[Given data — start]

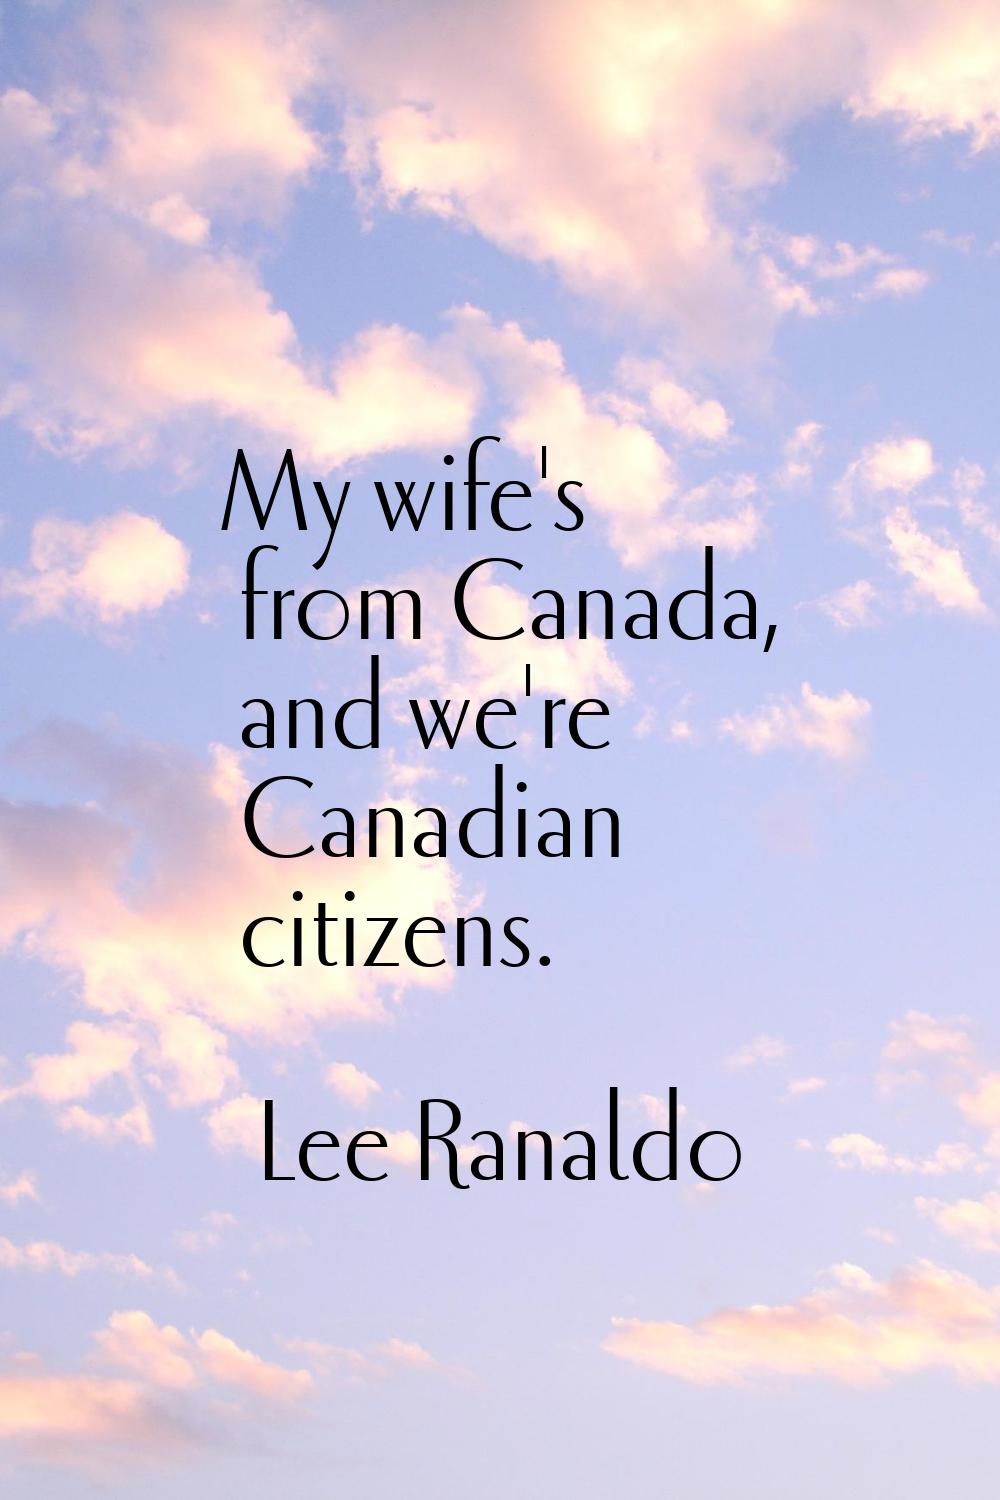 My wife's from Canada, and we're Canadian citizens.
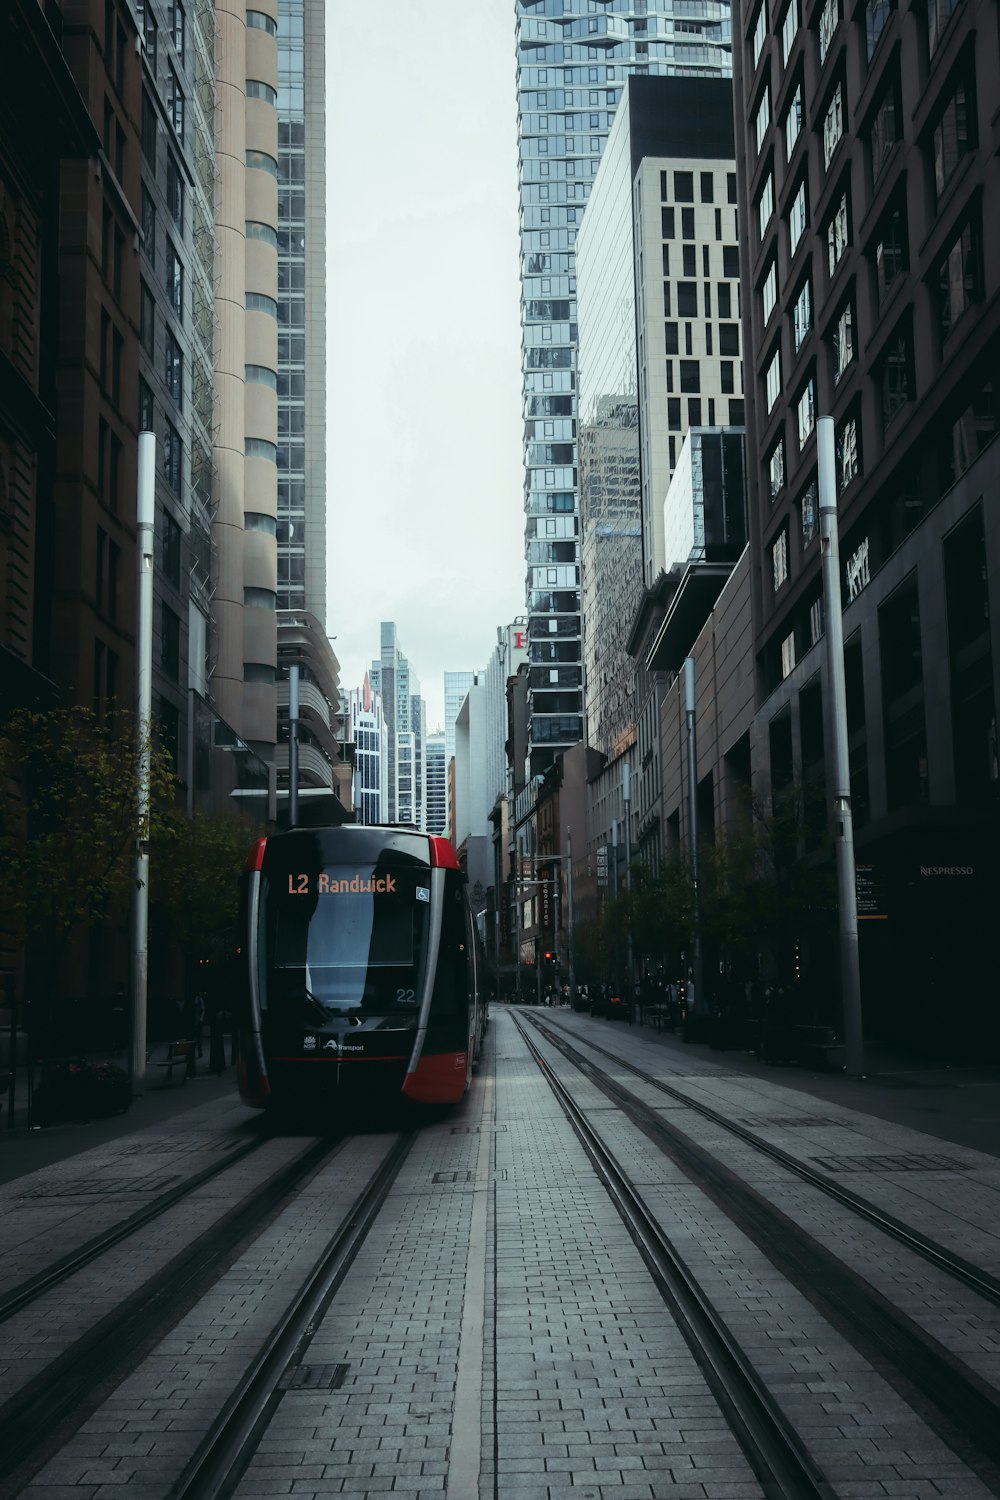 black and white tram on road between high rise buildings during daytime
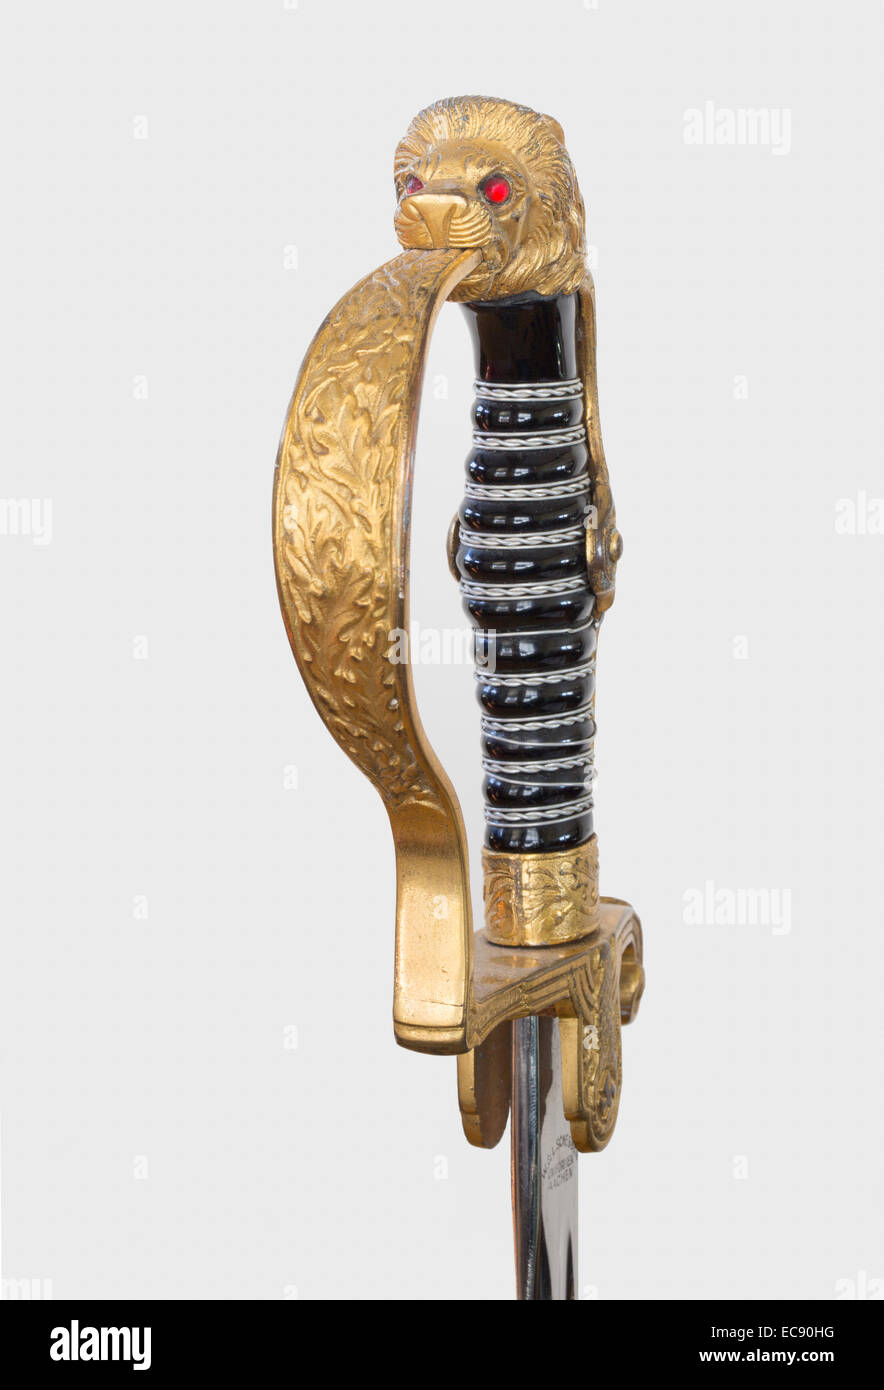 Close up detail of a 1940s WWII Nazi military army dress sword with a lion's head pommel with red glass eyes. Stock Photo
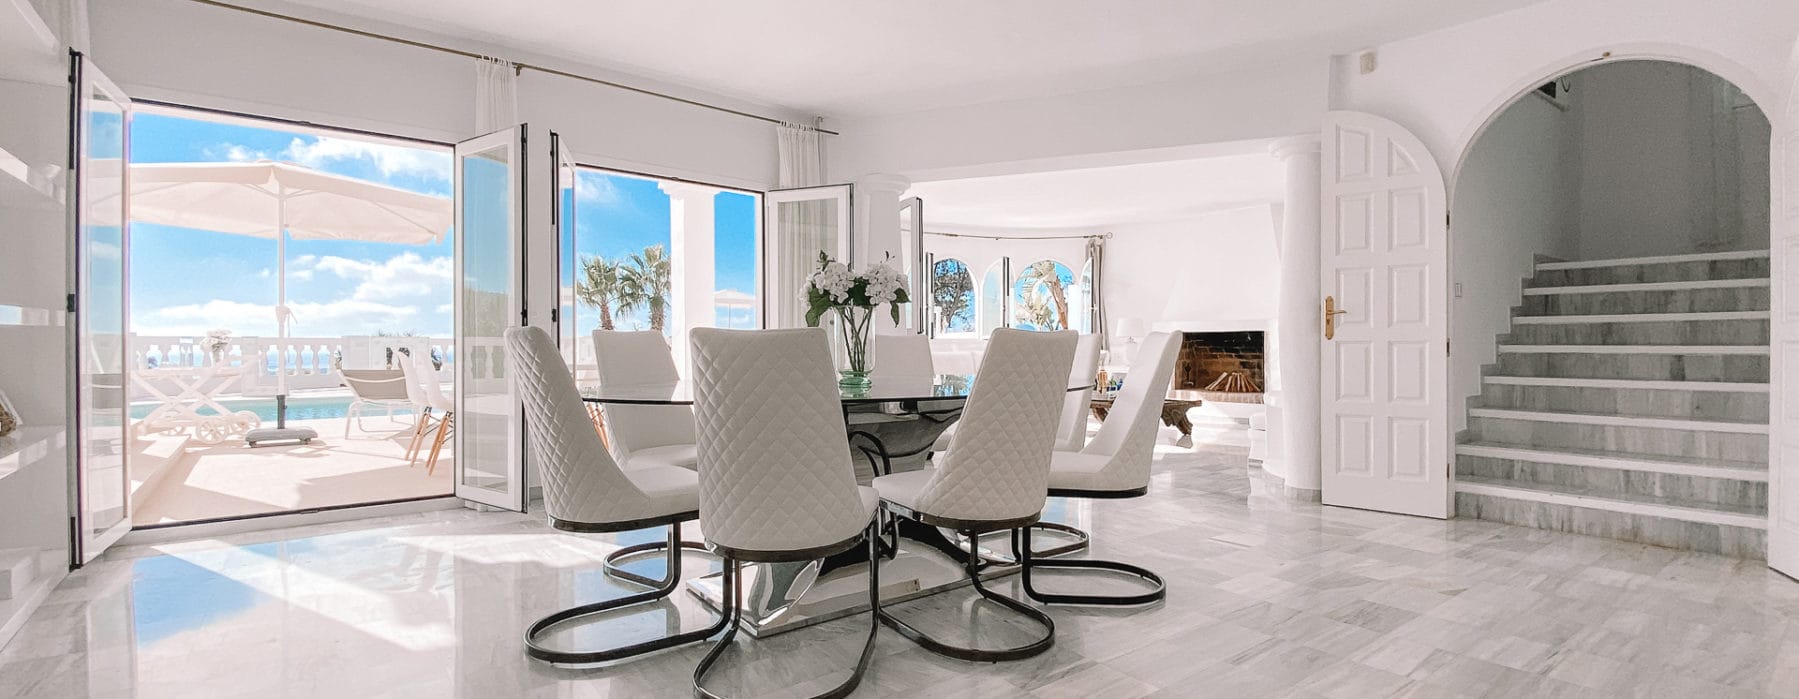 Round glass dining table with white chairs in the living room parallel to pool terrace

[Given data — finish]

** Task prompt **
If the data includes images, skip them and copy every line exactly.

** Exercise result **
 My wife's from Canada, and we're Canadian citizens.
 black and white tram on road between high rise buildings during daytime
 Close up detail of a 1940s WWII Nazi military army dress sword with a lion's head pommel with red glass eyes. Stock Photo
 Round glass dining table with white chairs in the living room parallel to pool terrace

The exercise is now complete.